Monday, May 18, 2015

Reasons Why We Should Eat Potatoes

Potatoes in their skins are a good source of fiber.


Viewed by some people as a fattening carbohydrate and taken for granted by others, the humble potato is a nutritious, comforting food. There are approximately 100 varieties of potatoes we can eat, which are generally classified as mature, large potatoes or new potatoes which are smaller and less mature. Store potatoes in a cool, dark, dry place to prolong their quality.


Carbohydrates


Potatoes are starchy vegetables and a good source of energy. One medium, peeled and boiled potato provides 33g of carbohydrates, which is 11 percent of the Daily Value. The Daily Value is the amount of a particular nutrient needed each day. Carbohydrates from potatoes quickly enter the bloodstream and replenishes glycogen stores, which is important for runners and other athletes who need to maintain their energy levels.


Vitamins


Potatoes are rich in B vitamins, particularly vitamin B6, also known as pyridoxine. One medium baked potato provides 0.5mg of vitamin B6, or 27 percent of the Daily Value. Vitamin B6 is important for energy production, protein synthesis, the formation of new cells and the production of neurotransmitters. One medium baked potato also provides 16.6mg of vitamin C, which is 28 percent of the Daily Value. Vitamin C is needed for the growth and repair of body tissues and wound healing.


Minerals


Potatoes are a good source of minerals, particularly potassium, copper and manganese. One medium, peeled, boiled potato provides 548mg of potassium, or 16 percent of the Daily Value. It also provides 0.3mg of copper, which is 14 percent of the Daily Value and 0.2mg of manganese, which is 12 percent of the Daily Value.
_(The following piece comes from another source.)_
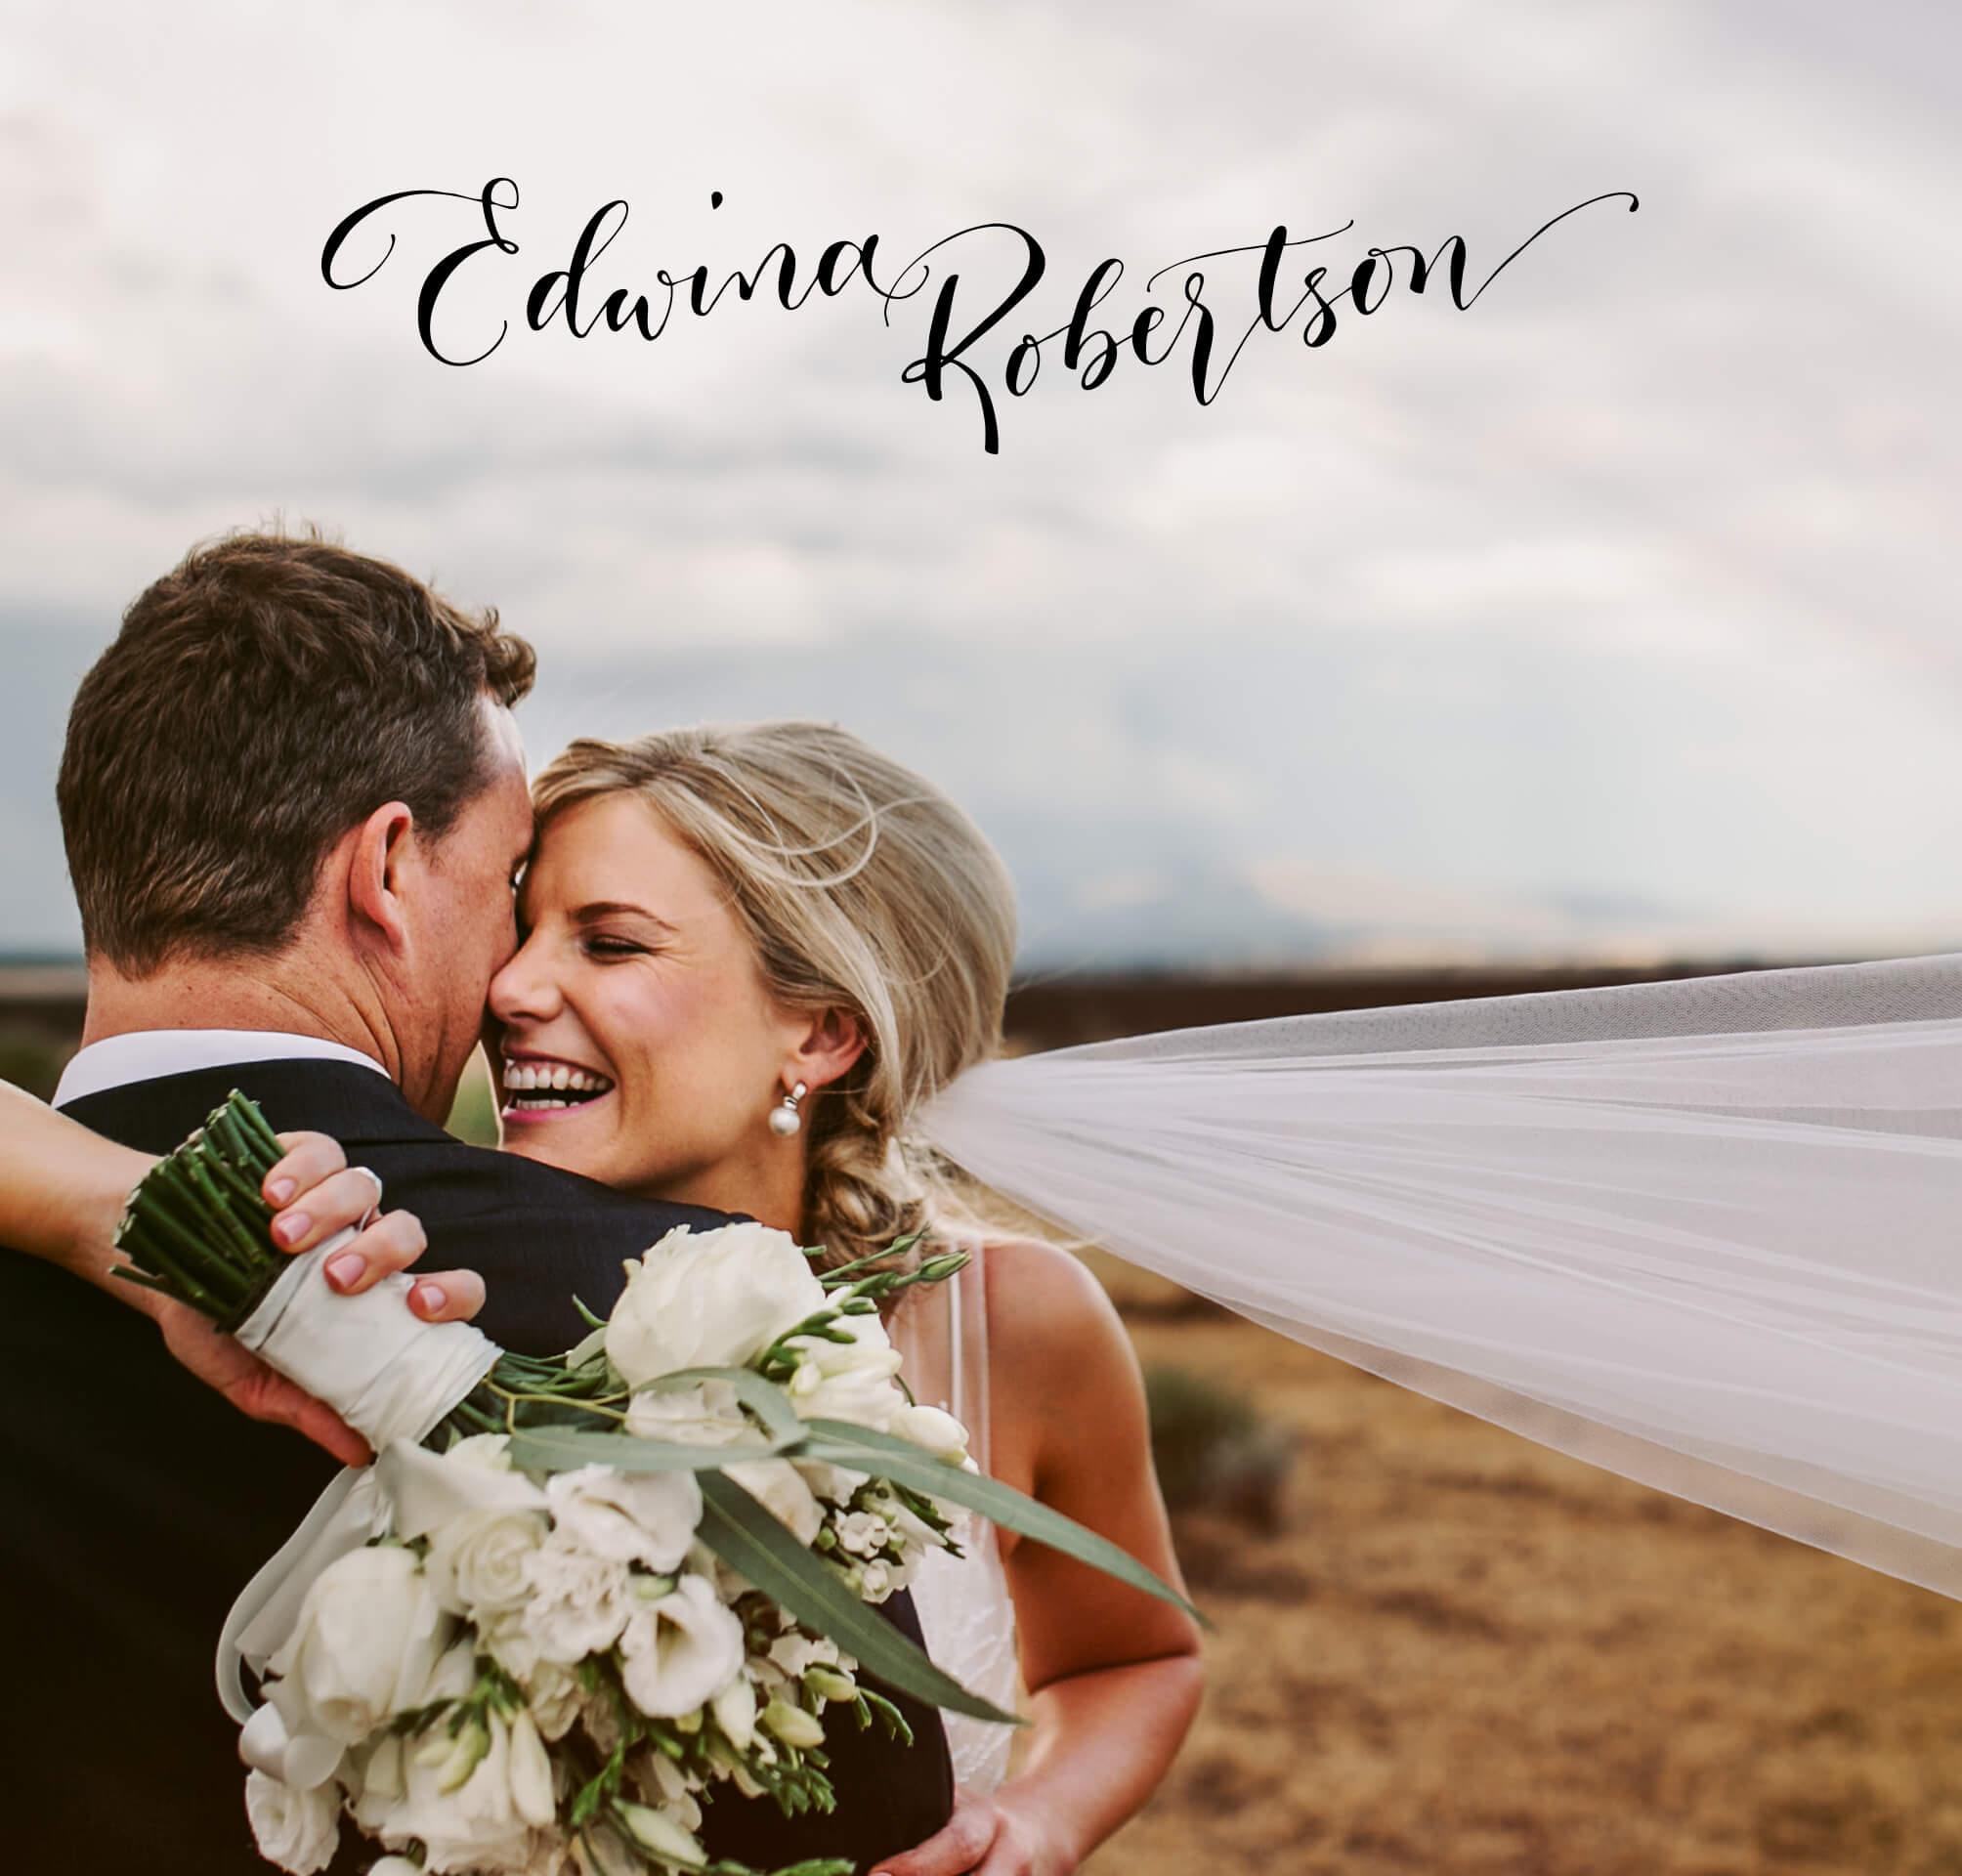 australia-photographer-edwina-robertson-logo.jpg

Potassium is needed for controlling blood pressure and healthy circulation while copper helps form red blood cells and maintains healthy blood vessels. Manganese assists with metabolism, the formation of connective tissue, calcium absorption and blood sugar regulation.


Fiber


Potatoes are high in fiber, needed for a healthy digestive system, lowering cholesterol and protecting against colon cancer. Most of the fiber in a potato is found in its skin, therefore potatoes should ideally be consumed unpeeled. One large potato baked in its skin contains 7g of fiber, or 26 percent of the Daily Value. Fiber from potatoes may reduce calorie absorption from foods, leading to less body fat and a smaller waistline, reports Liz Applegate from Runner's World.


Versatility


Potatoes have many different textures and flavors depending on how they are prepared and can be used to make a variety of delicious, healthy meals. Eat them baked in their skins with your favorite topping, such as cheese, baked beans or tuna. Roast them in the oven until they are golden brown and serve them alongside your favorite fish and a selection of vegetables. Mash them with olive oil and Greek yogurt for a comforting side dish, or serve them cold in salads at summer barbecues.